I am also required to gain your explicit consent to my holding and processing your data (see below)
I am bound by an ethical code, and American HIPAA laws and GDPR laws. HIPAA and how I protect your Personal Health Information is also available for you to review and sign at your first appointment.
On my website, there is a cookie policy via WordPress with privacy information related to WordAds. Please read and click or sign to consent: https://automattic.com/cookies/
If you are my current or potential therapy client:
Please read and click or sign to indicate your consent. You may print a paper copy, or copy and paste digitally.
If you do not wish to give your consent, you have the option to discuss with me, and we may create a personalized agreement together.
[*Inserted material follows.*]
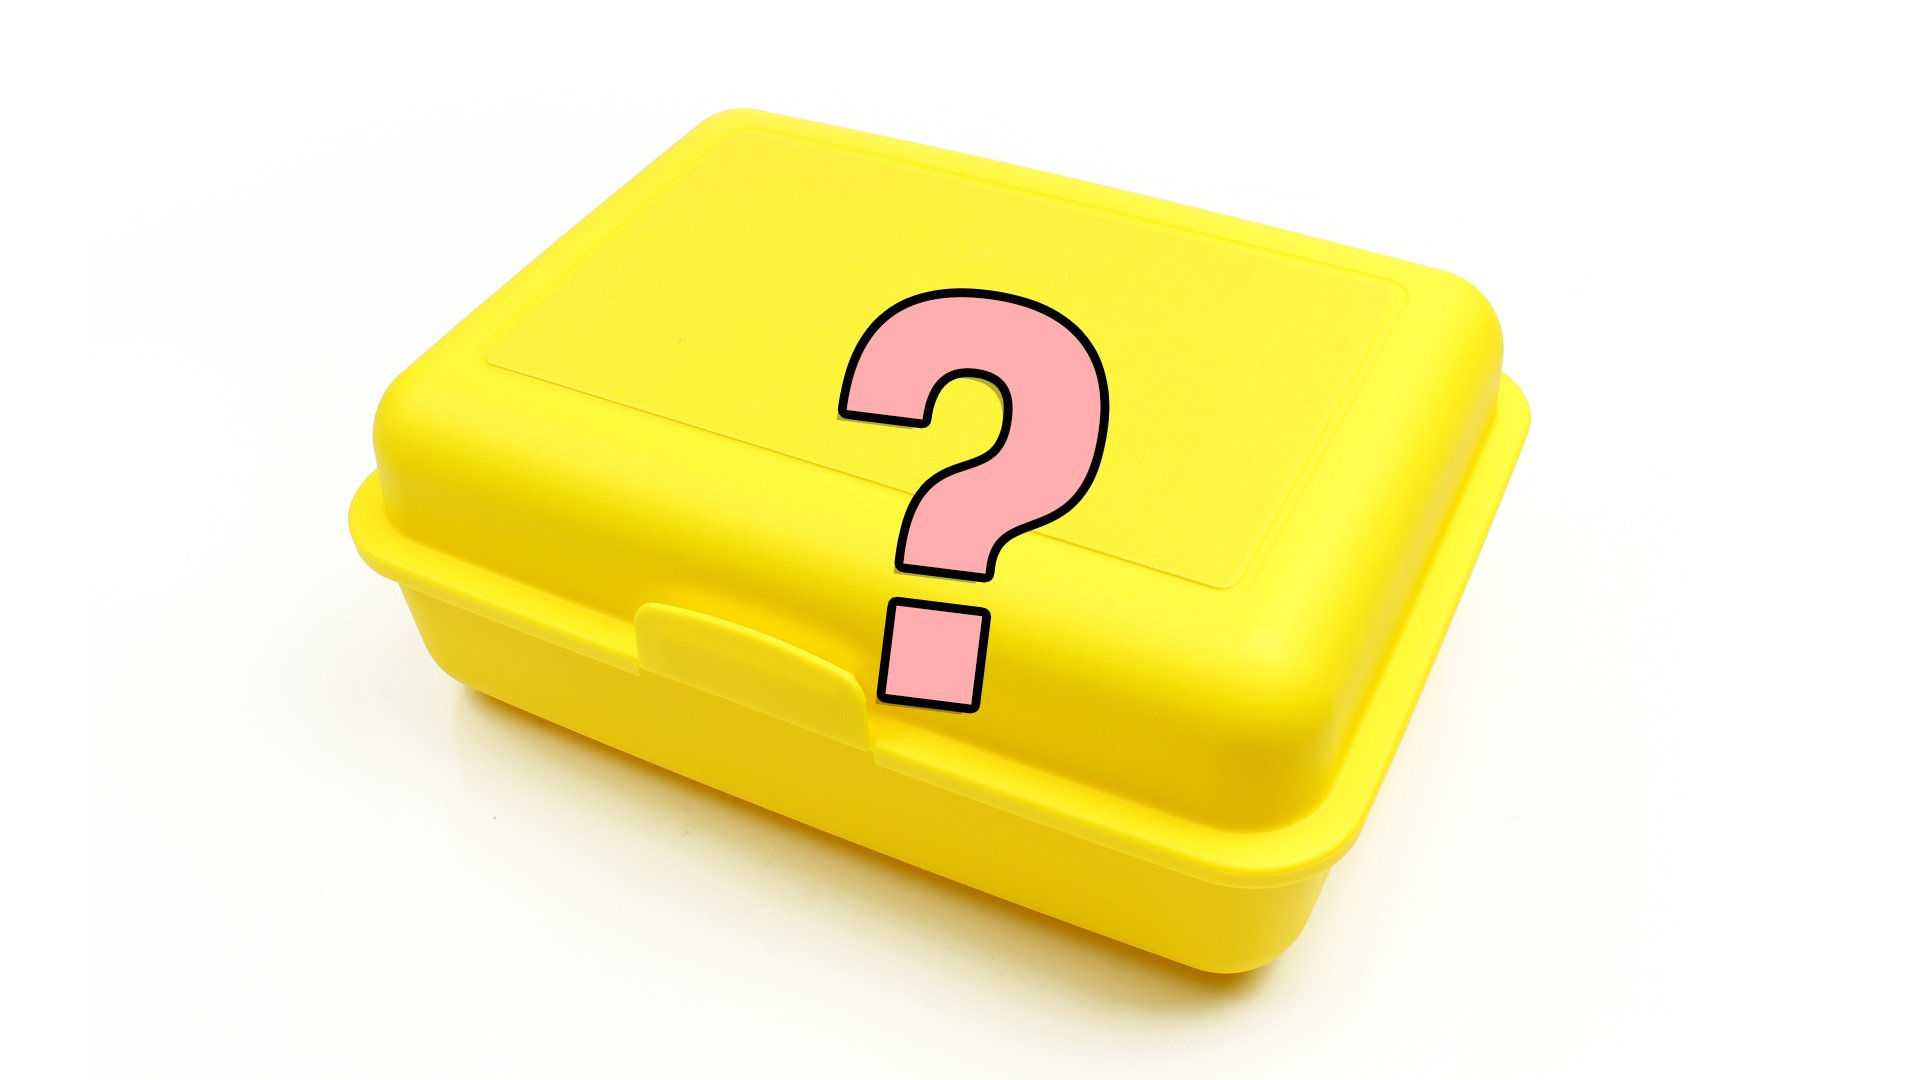 A mystery lunchbox

You have the right to withdraw your consent at any time. We would need to discuss what this might mean in practice, with the goal being to safeguard your data. However, in certain circumstances, specific information may need to be retained, and I may seek legal advice in this case.
If you agree and consent for me to hold and process your data as stated, please sign, date and return to me in person, by post, or email: anamcaratherapy@pm.me.
What therapy client data is held about you?
I keep certain data so that I can work with you safely and in a professional manner, in line with IACP and NBCC guidelines (organizations of which I am a fully accredited member).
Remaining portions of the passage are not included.